Czeski rząd rozważa podwyższenie ujednoliconej stawki podatku VAT do 19, a nie 17,5 procent jak planowano do tej pory - twierdzi dziennik "Lidove Noviny". gazeta powołuje się na premiera Petra Neczasa oraz ministra finansów Miroslava Kalouska.

"Ten scenariusz bierzemy pod uwagę, jeśli pogłębi się kryzys zadłużeniowy strefy euro, a nam - ze względu na zahamowanie europejskiej gospodarki - nie uda się obniżyć deficytu w finansach publicznych tak, jak planowaliśmy" - powiedział cytowany przez dziennik czeski premier.

Centroprawicowy rząd Neczasa w tym roku chce utrzymać deficyt budżetowy na poziomie 4,2 proc. PKB. W przyszłym roku chciałby go obniżyć do 3,5 proc. PKB.
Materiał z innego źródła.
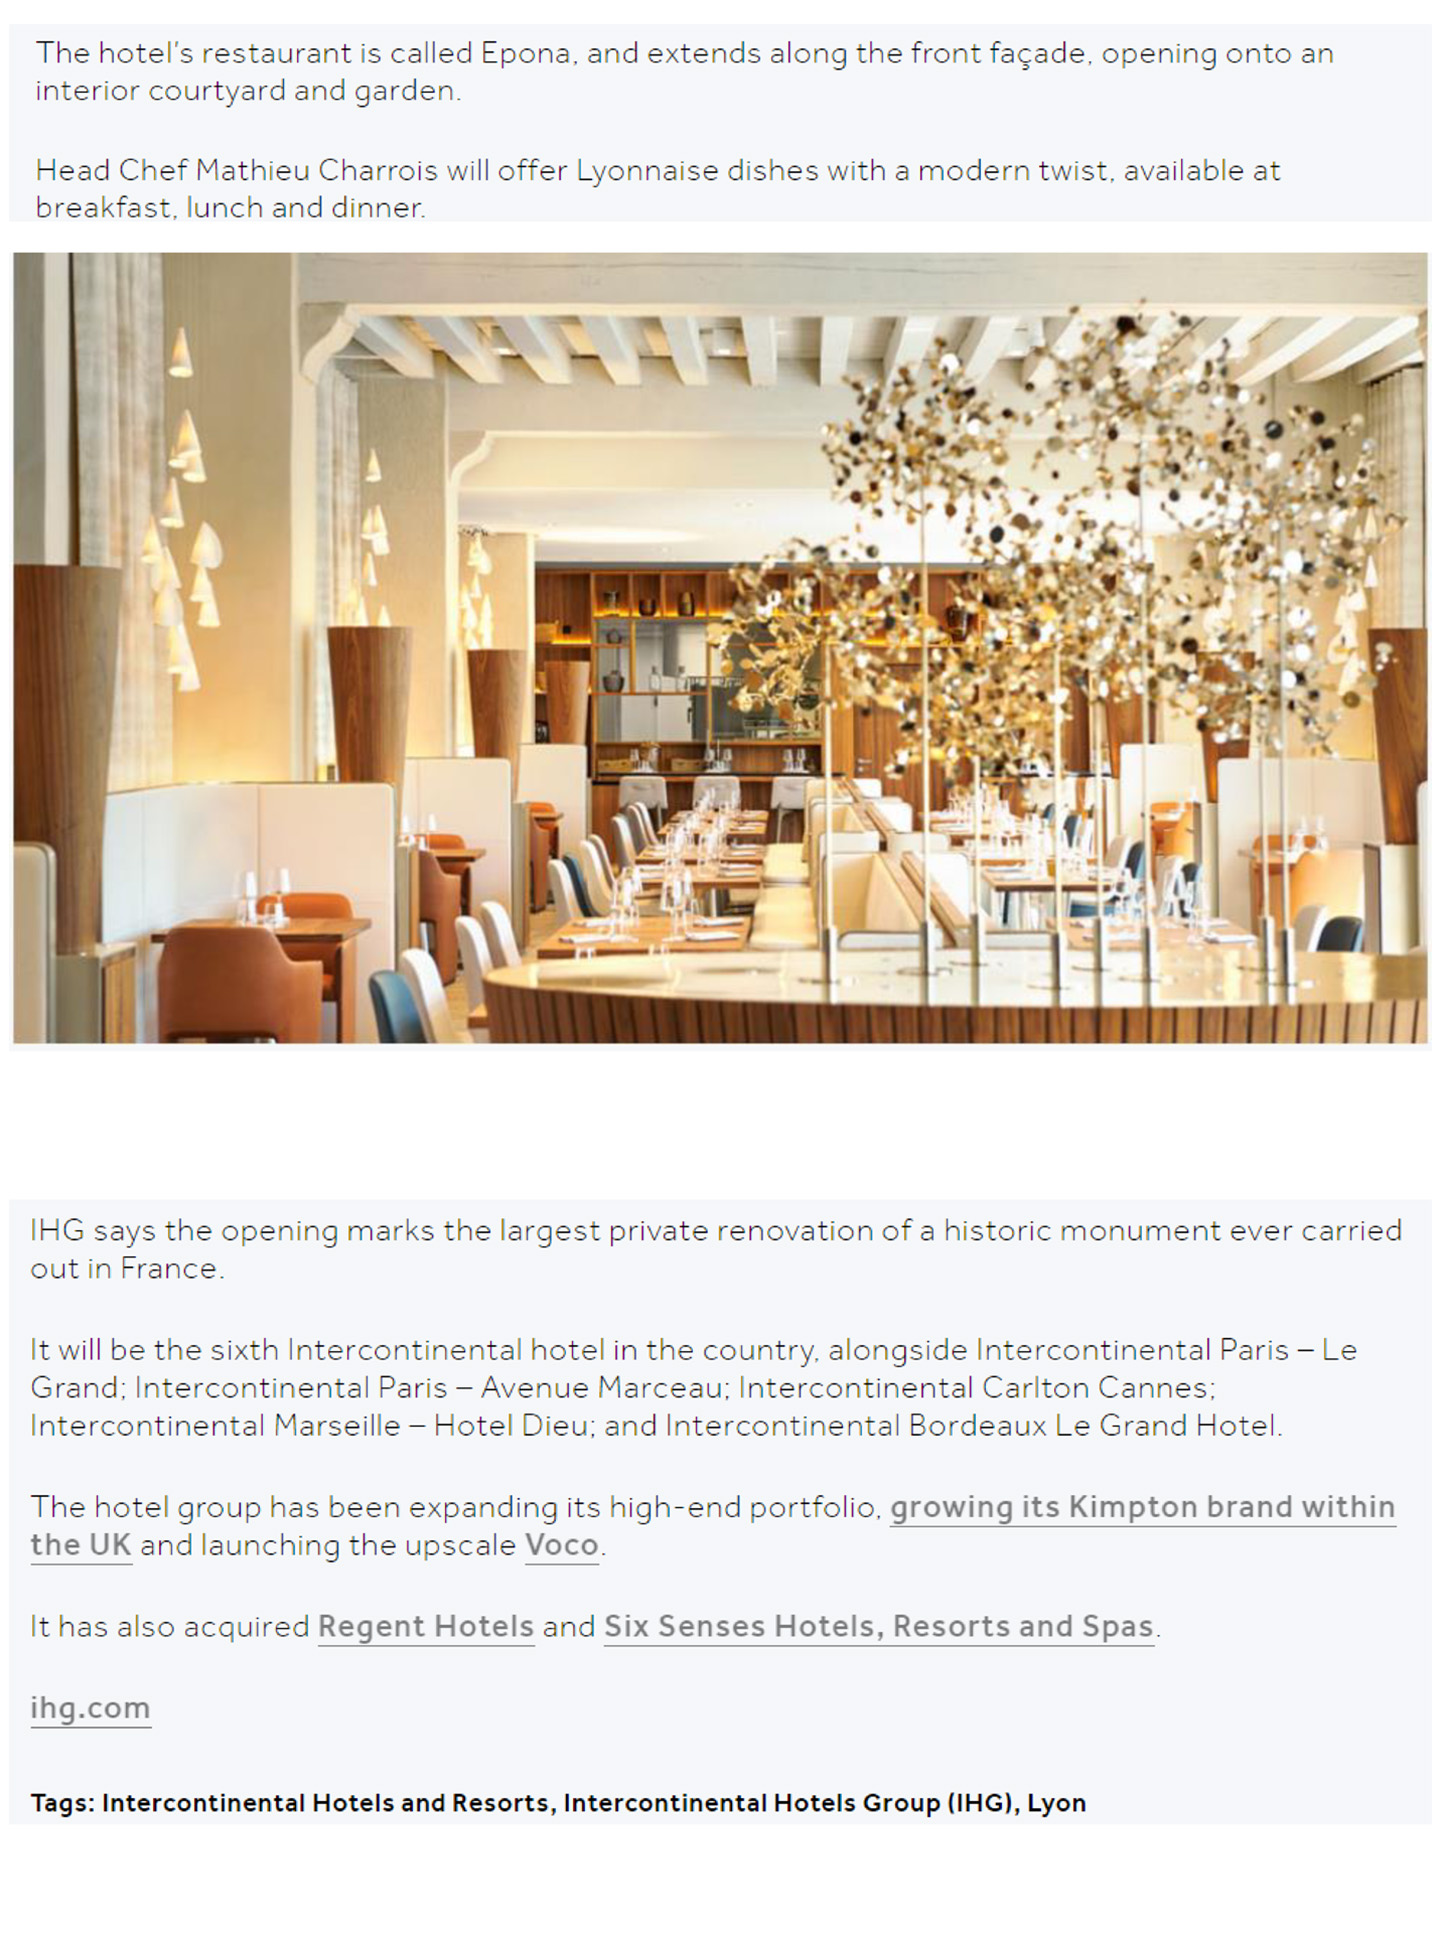 Article sur l'InterContinental Lyon - Hôtel Dieu réalisé par le studio jean-Philippe Nuel dans le magazine business traveller, nouvel hotel lifestyle, architecture d'intérieur de luxe

"Opowiadałbym się więc za podwyższeniem podatków pośrednich, takich jak VAT, do 19 proc., abyśmy w ten sposób mogli uspokoić inwestorów i pokazać, że potrafimy utrzymać finanse publiczne pod kontrolą" - dodał Neczas.

Minister Kalousek dodaje, że gdyby doszło do jakichkolwiek turbulencji na rynkach, będzie trzeba ustabilizować budżet państwa. "I to oczywiste, że opodatkowanie konsumpcji jest dla konkurencyjności wyraźnie mniej szkodliwe niż podwyższanie podatków bezpośrednich" - powiedział "Lidovym Novinom" Kalousek.

Zmiany podatkowe mają pomóc w sfinansowaniu reformy systemu emerytalnego. W pierwszym tygodniu czerwca wstępnie zatwierdziła je niższa izba parlamentu, Izba Poselska.